Он сидел по другую сторону письменного стола; между ними возвышался неизменный синий сифон.
— Как поживает миссис Скоби?
— Зачем вы послали мне бриллиант, Юсеф?
— Я ваш должник, майор Скоби.
— Ну нет, это неправда. Вы расплатились со мной сполна той бумажкой.
— Я изо всех сил стараюсь забыть все это дело. Я уговариваю себя, что это была просто дружеская услуга и ничего больше.

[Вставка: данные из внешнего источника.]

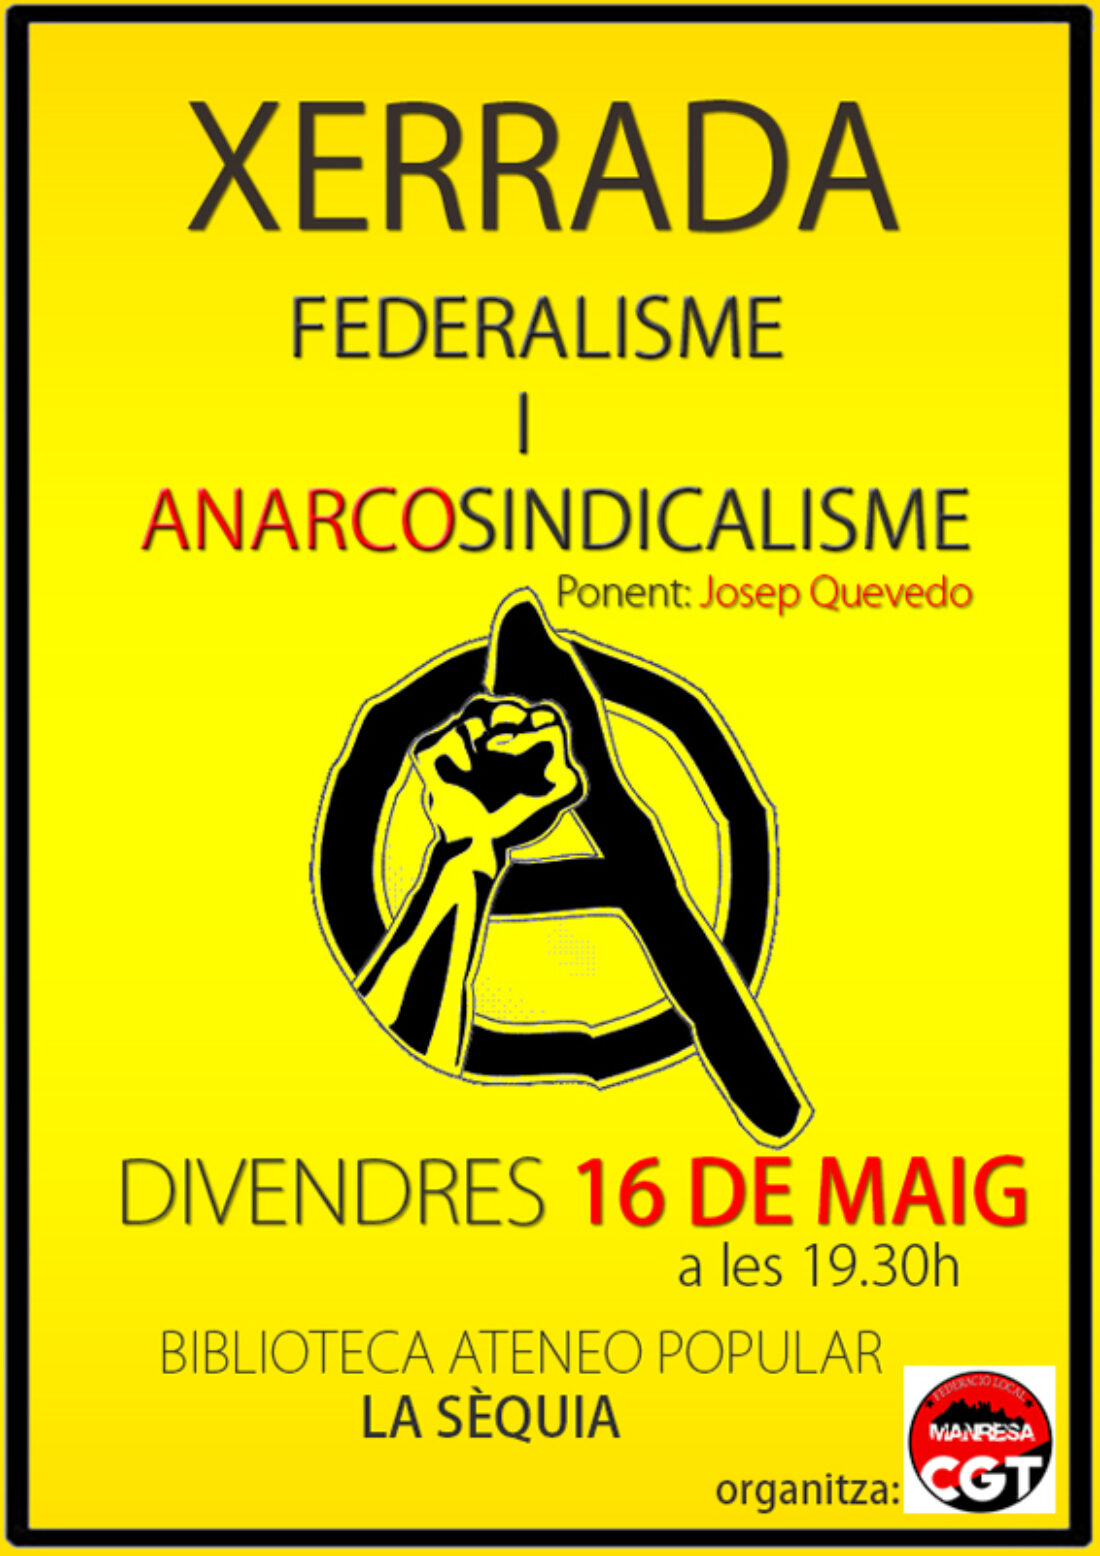 16M: Charla sobre federalismo y anarcosindicalismo en Manresa

— Стоит ли лгать самому себе, Юсеф? Себя ведь не обманешь.
— Майор Скоби, если бы я чаще с вами встречался, я стал бы лучше. — В стаканах зашипела содовая, и Юсеф с жадностью выпил. — Сердцем чувствую, майор Скоби, что вы встревожены, огорчены… Я всегда мечтал, что вы придете ко мне в трудную минуту.
— А ведь было время, когда я смеялся над мыслью, что могу к вам прийти.
— У нас в Сирии есть притча про льва и мышь…
— У нас она тоже есть, Юсеф. Но я никогда не считал вас мышью, да и сам я не лев. Вот уж никак не лев!
— Вы встревожены из-за миссис Ролт. И вашей жены. Правда, майор Скоби?
— Да.
— Передо мной вам нечего стыдиться, майор Скоби. У меня было в жизни немало неприятностей из-за женщин. Теперь мне легче, я многому научился. Я научился плевать на все, майор Скоби. Я говорю обеим: «Мне плевать на все. Я сплю, с кем хочу. Не нравится — не живи со мной. А мне плевать». И они с этим мирятся, майор Скоби. — Юсеф вздохнул, глядя на свое виски. — Иногда я даже предпочел бы, чтобы они не мирились.